Government’s statistics office last week projected 9.2 per cent GDP growth for FY22, well below 9.5 per cent forecast by the International Monetary Fund as well as the Reserve Bank of India, even as the size of the Indian economy is expected to surpass the pre-pandemic level after recovering from a historic contraction in the preceding year.

Economists believe the official GDP data has overlooked the imminent impact of the third wave on growth momentum. With the escalating Covid-19 caseload, many states have imposed night and weekend curfews to curb the spread of the third wave, adversely impacting mobility and contact sensitive services.

India Ratings last week estimated that GDP growth in the March quarter would now stand at 5.7 per cent, 40 bps lower than the agency’s earlier estimate of 6.1 per cent. For the entire FY22, the rating agency expects GDP growth to be 9.3 per cent, 10 basis points lower than its earlier estimate.
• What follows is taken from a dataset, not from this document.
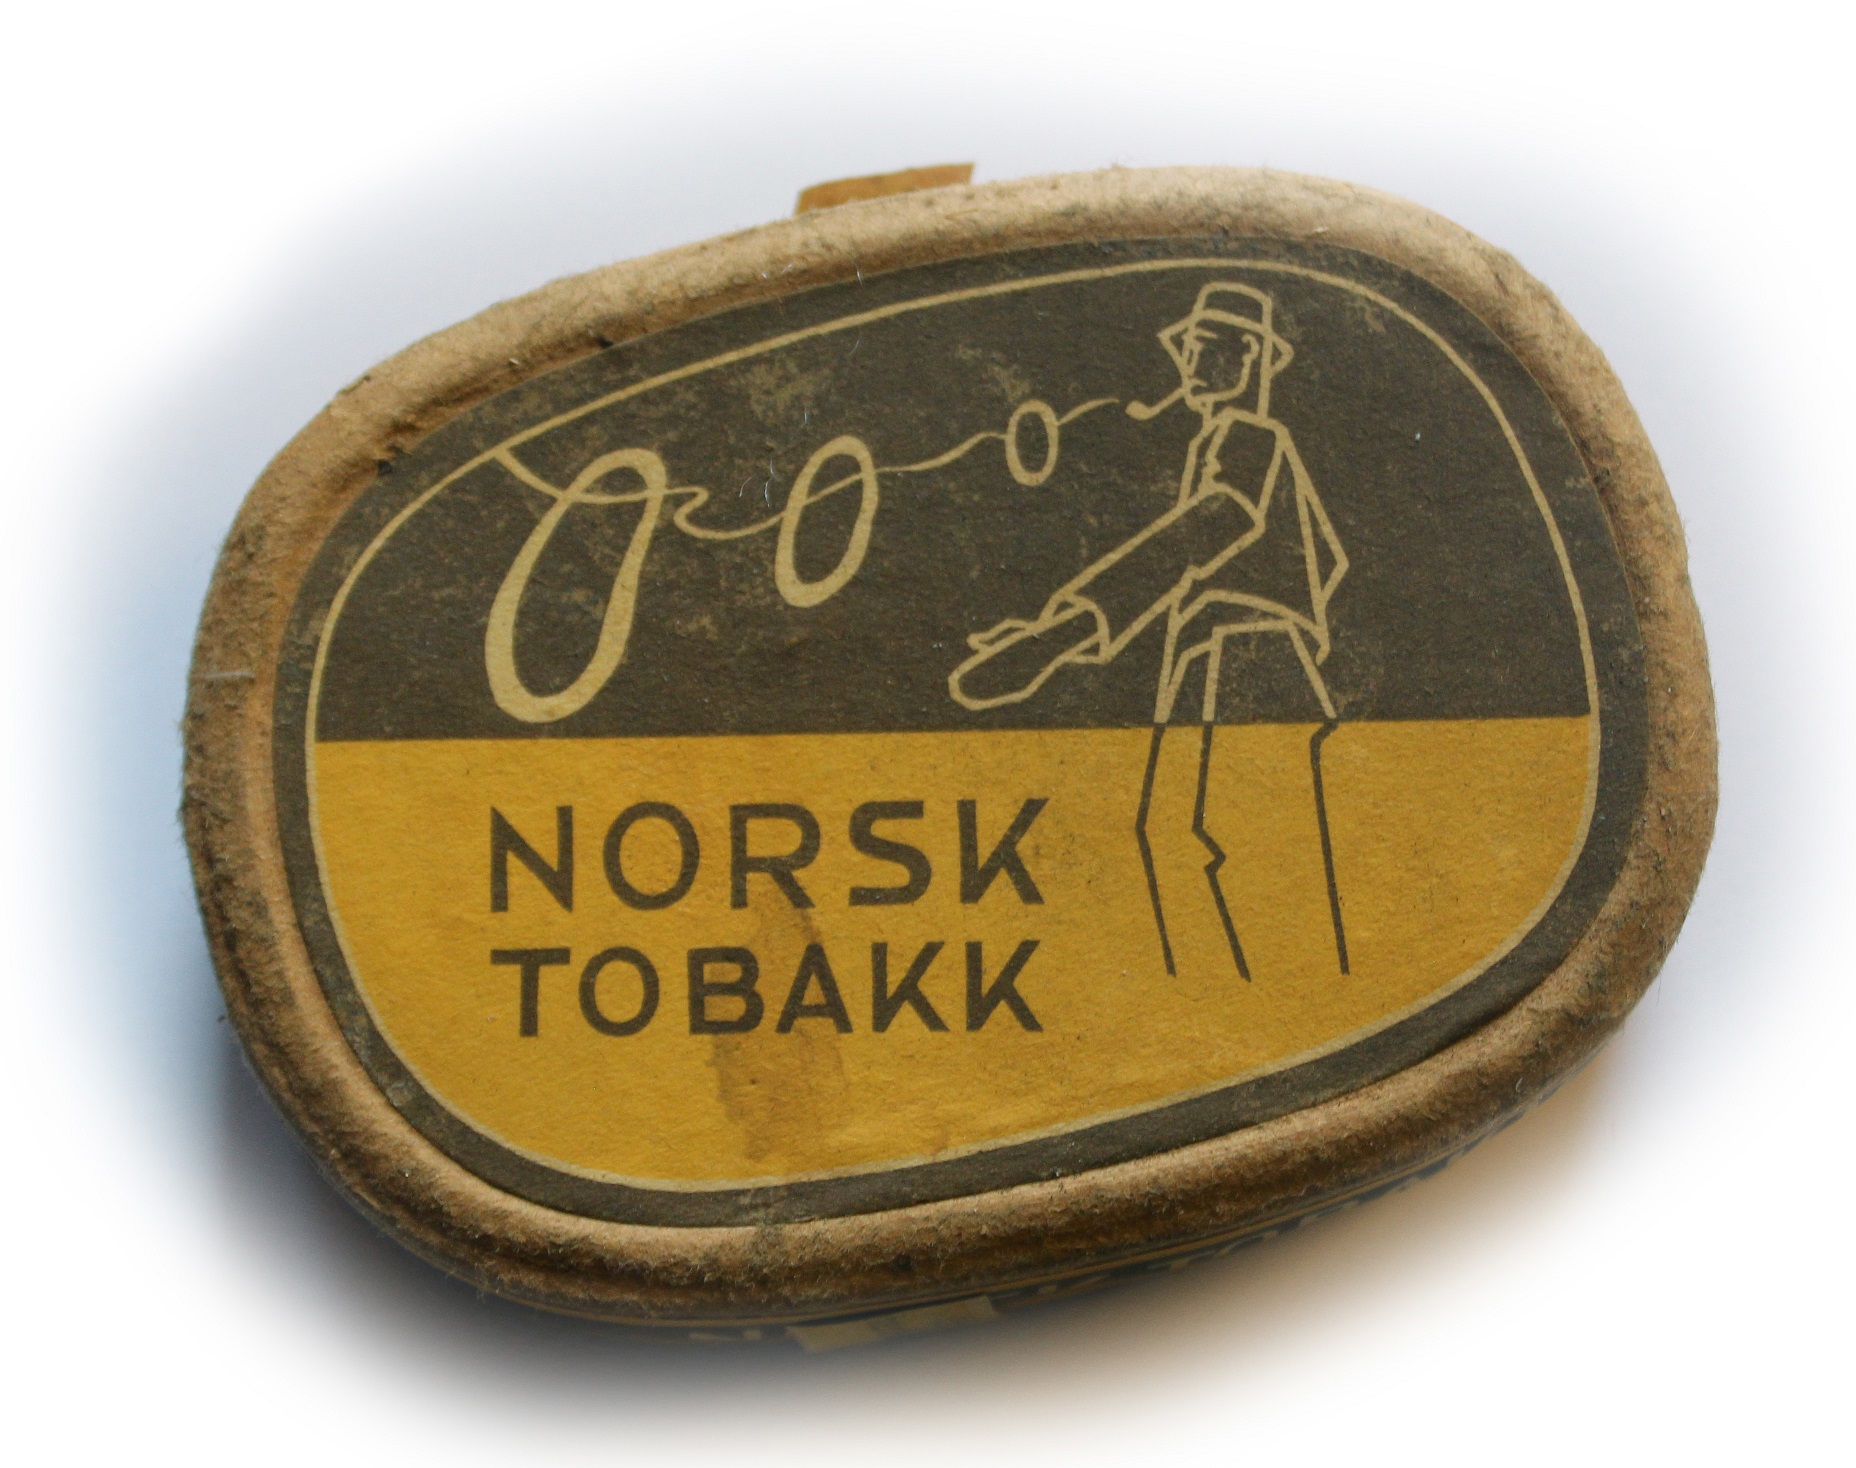 Norsk tobakk
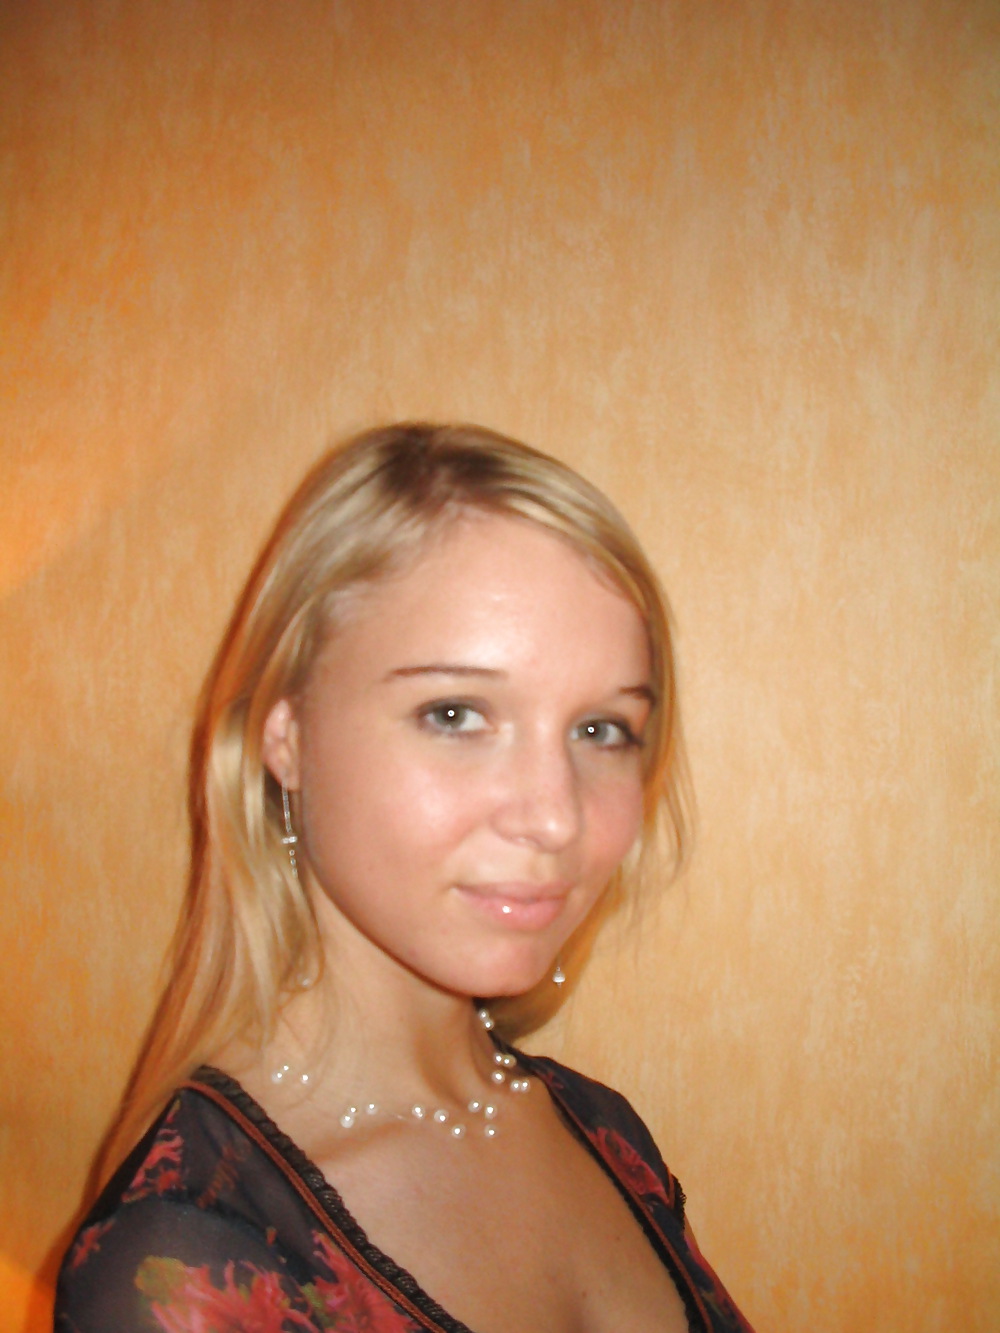 Hot ex russian teen girlfriend #7484985

Chakraborty said although daily Covid cases were crossing 150,000 already, there were reasons to be hopeful of a less-disruptive Covid wave. “These include lower hospitalisation rates (currently seen in cities like Mumbai and experience from South Africa), shorter Covid wave cycle period (40 days of trough-to-peak of daily cases in SA, compared to 90-100 days in previous waves), higher vaccination coverage (70 per cent second dose for adults in India), and weakening link between Covid and activity,” he said.

While Google mobility has started to decline, the impact of Omicron on overall activity could take a couple of weeks to reflect in the data, Chakraborty said.

“There are reasons to be hopeful of a relatively less-disruptive Covid wave in terms of overall activity. This, along with support from government spending, could cushion the fall in activity momentum in Q4 FY22E,” he said.